If we take as a given that self-actualization is a temporary state of being (analogous maybe to a high performance engine requiring high octane fuel, calibrations, routine maintenance and occasional overhauling) then we might reasonably claim that this sweet-spot of ephiphanic awareness is surrounded by toxic cesspools and slicks that are the byproducts of its very pursuit. (ie, The more of yourself you discover, the more self there is to doubt or loathe; likewise, the more work you produce, the greater opportunity for rejection.) So, loathing and cynicism. Existential unmooring. They can bring about a bleak, mortal logic or anti-epiphany that concludes: Why bother? What’s the fucking difference? Or: I just can't stand it anymore.

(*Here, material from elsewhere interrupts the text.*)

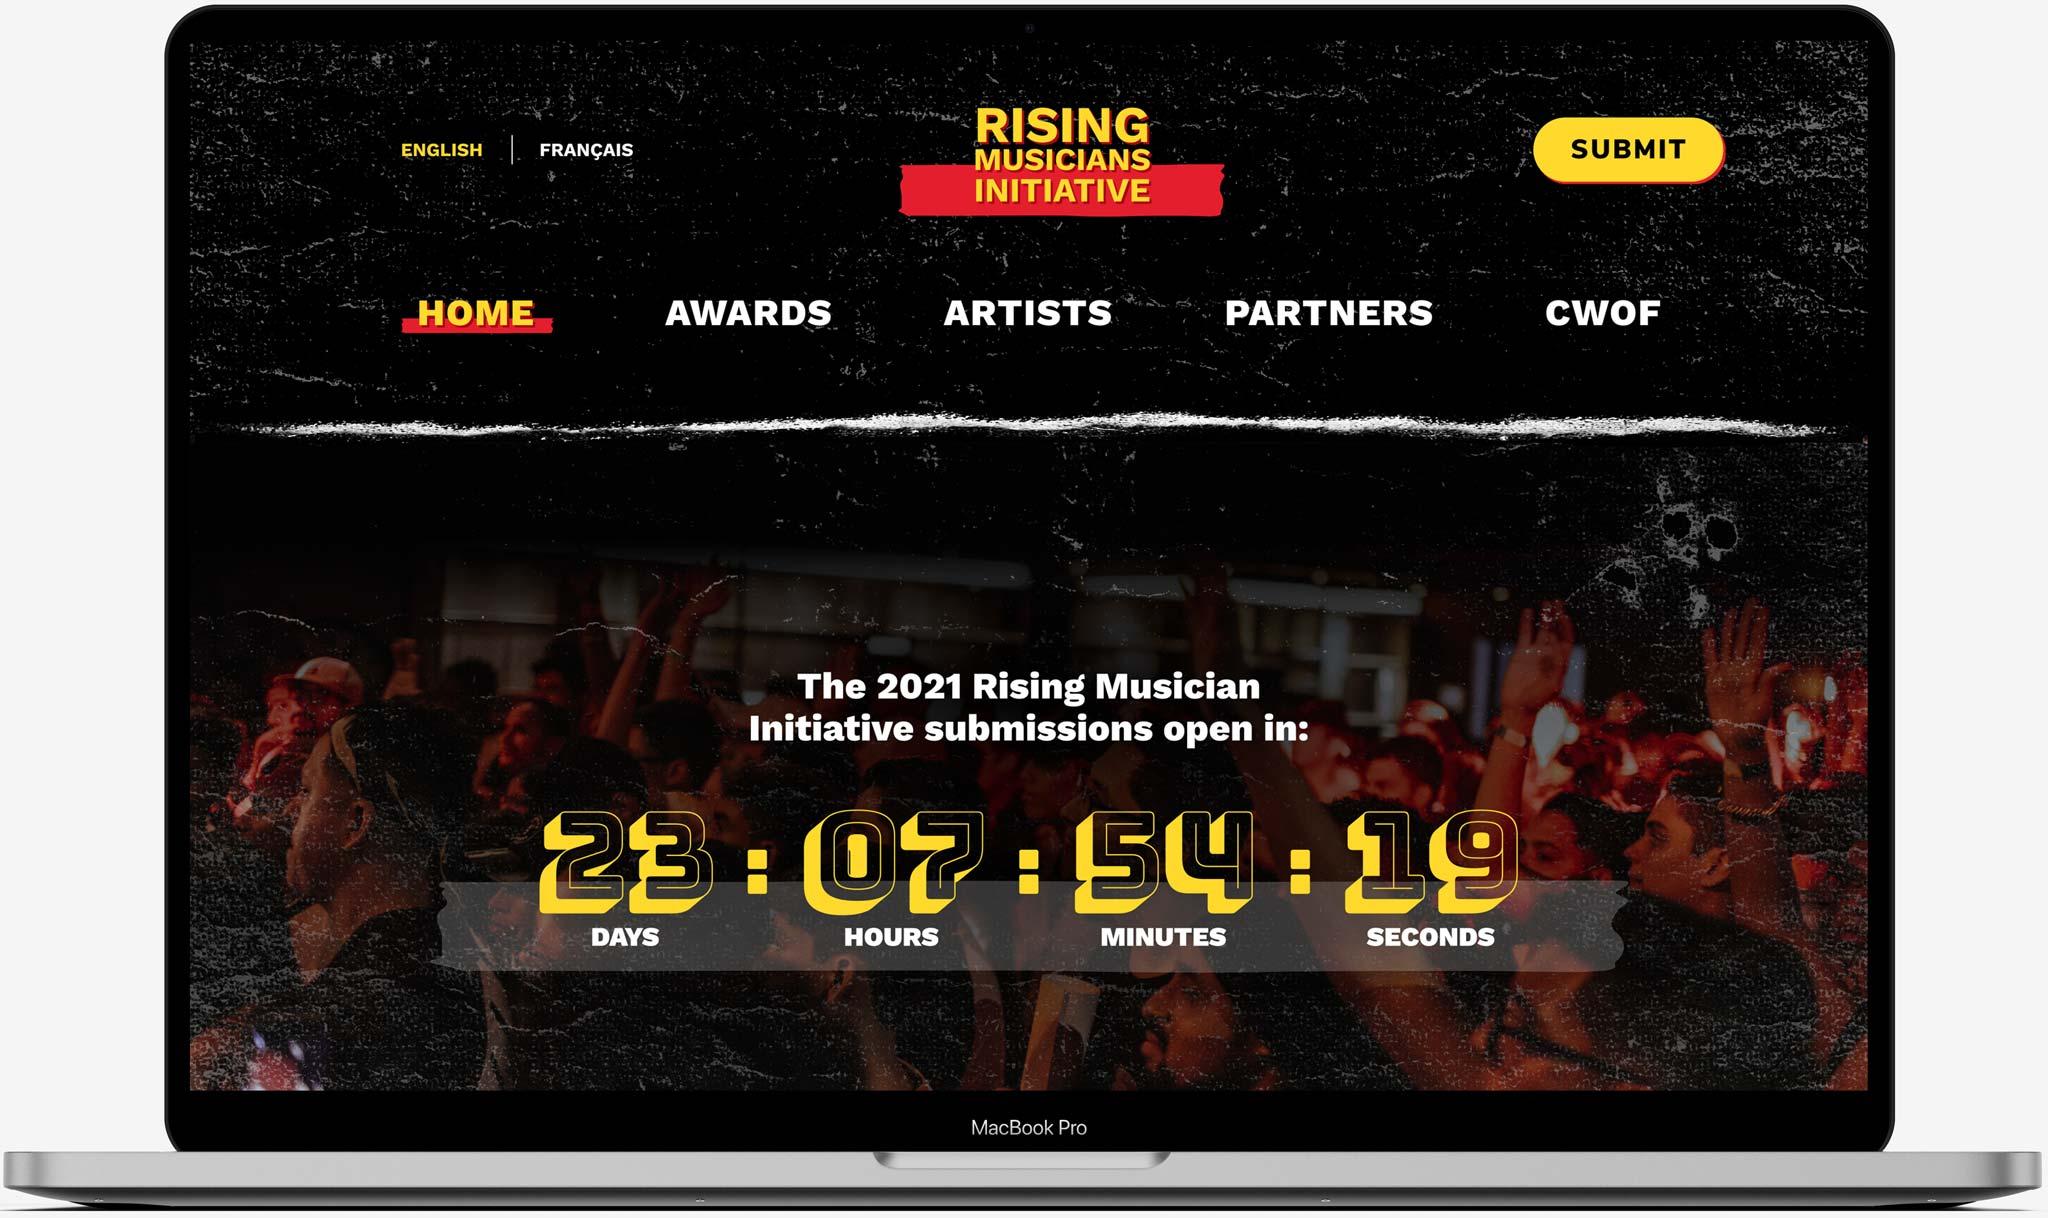 RMI homepage screen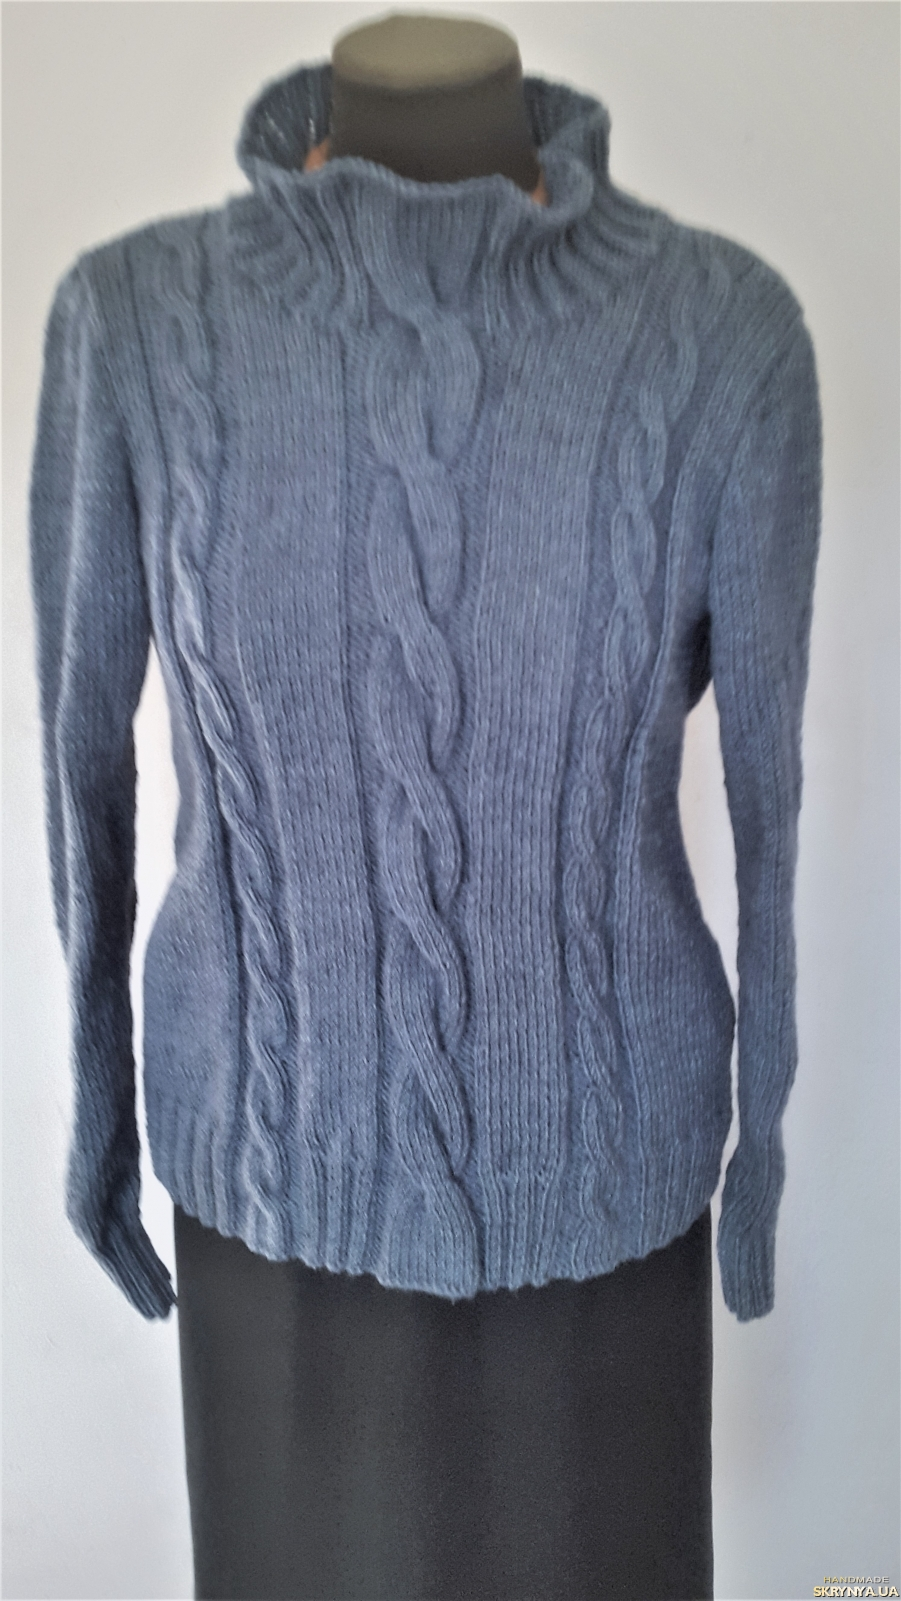 pictured here Теплый, женский свитер в стиле MAX MARA сине-серого цвета, 48-50 р.

Such verbalizations can tug you toward the proverbial bottom.

I’m not guessing at the causes behind DF Wallace’s suicide, but pointing out conditions that exist, that I sense sometimes, anyway, in myself and in my friends and in America. In fact, America might be the best and only way to describe Wallace’s writing: Only in America does his peculiar, post-modern blend of style and thinking truly resonate with hope and inspiration and become a buttress against despair. Wallace’s essays went beyond “stimulating” my mind. His intellect struck me as infectious, even transformative, his well-sanded logic providing a surface on which my own ideas could glide. Only in America, the country that gives us a single DFW in monumental disproportion to the throngs of self-serving assholes who prosecute the most frustrating aspects of this absurd society, this strange, often maddening/saddening culture, only here is the work of writers like Wallace possible. No, necessary.

-Jason Watt

2 comments:

Book Gang said...

Cool/Sad interview DFW did w/Salon in 1996 has been reposted here.

Jenna D said...

Not to be crass, but it's the genius-suicide vortex in action. Like young musicians, lots of genius writers have self-destructed. Look at Hemingway, Plath, Woolf and John Kennedy Toole. It's kind of a fool-proof way to get post-mort props.